Gabarito comentado: Alternativa C

Tema central: A questão envolve interpretação de texto, exigindo a compreensão da crítica social implícita no excerto de “Auto da Barca do Inferno”, de Gil Vicente. Destaca-se também o reconhecimento do papel do humor e da sátira na denúncia dos comportamentos e costumes da sociedade.

Justificativa da alternativa correta (C):
“Pelo riso, corrigem-se os costumes.” Essa opção traduz exatamente a proposta vicentina: usar o riso como instrumento de crítica social e moralização, expondo hipocrisias e falhas, mas buscando provocar a reflexão e corrigir os comportamentos. Segundo Bechara e outros gramáticos, a sátira é um recurso estilístico histórico do teatro moralizante, e Gil Vicente é referência nesse uso.

No excerto apresentado, vemos o Frade dançante, desacatando os preceitos religiosos e interagindo ironicamente com o Diabo. O tom burlesco evidencia a crítica: não é pelo castigo direto ou sermão, mas pelo ridículo e pelo riso que o autor convida a sociedade à autocrítica.

Análise das alternativas incorretas:

  • A) “O riso é abundante na boca dos tolos.” – Reduz o riso a tolice, contrário à proposta vicentina, que valoriza o riso como crítica construtiva.
  • B) “A religião é o ópio do povo.” – Frase marxista com sentido de alienação, não se relaciona à função crítica e moralizadora do teatro vicentino.
  • D) “De boas intenções, o inferno está cheio.” – Ressalta a hipocrisia, mas não aborda o uso do riso como ferramenta de correção, central para o texto.
  • E) “O homem é o único animal que ri dos outros.” – Trata da natureza do riso, mas não associa o riso à crítica e transformação social.

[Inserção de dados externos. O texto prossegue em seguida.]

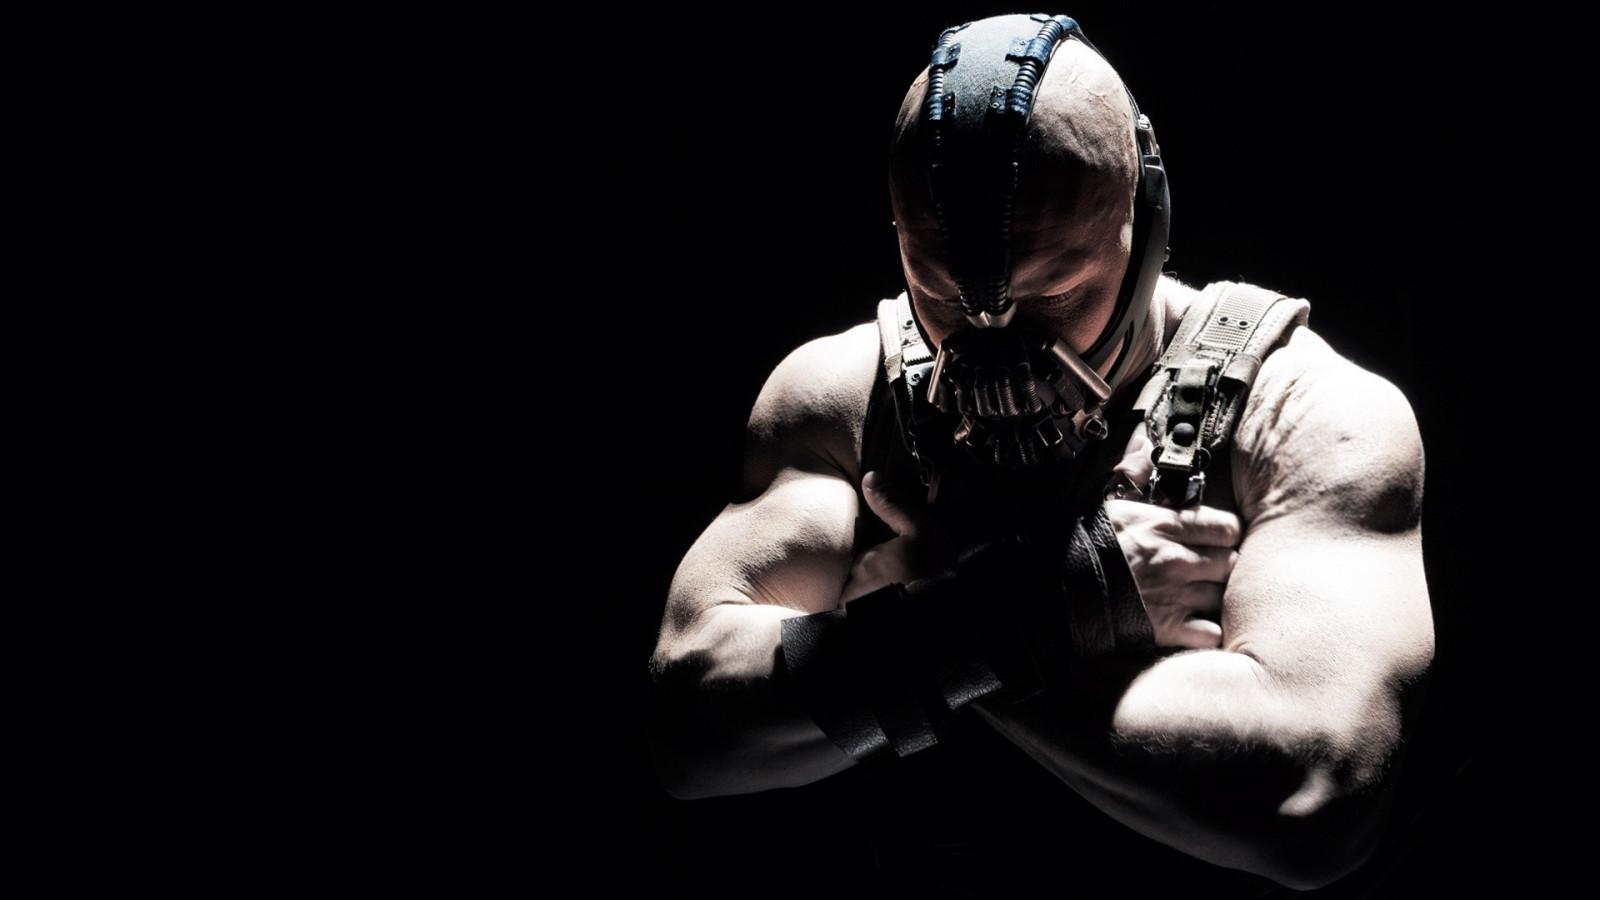 マーベルの魅力的な「バットマン」の悪役ペインが暗闇の中でたたずんでいる
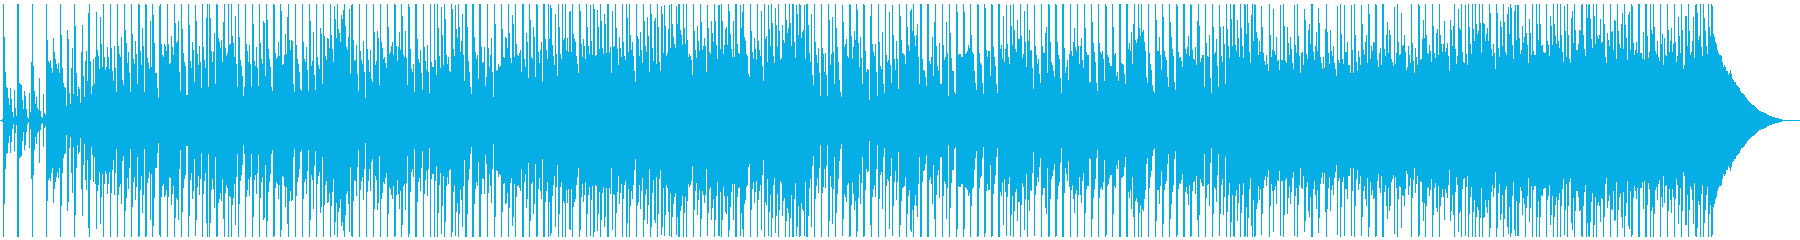 沖縄らしい三線ポップスの再生済みの波形

Para resolver questões assim:
• Releia o texto buscando o objetivo do autor.
• Identifique as intenções por trás do humor: crítica ou deboche?
• Elimine alternativas que distorcem ou desviam do foco central.

Em resumo: A obra de Gil Vicente evidencia que resolver-se pelo riso é transformar costumes, corrigindo-os por meio da sátira e do espelho cômico.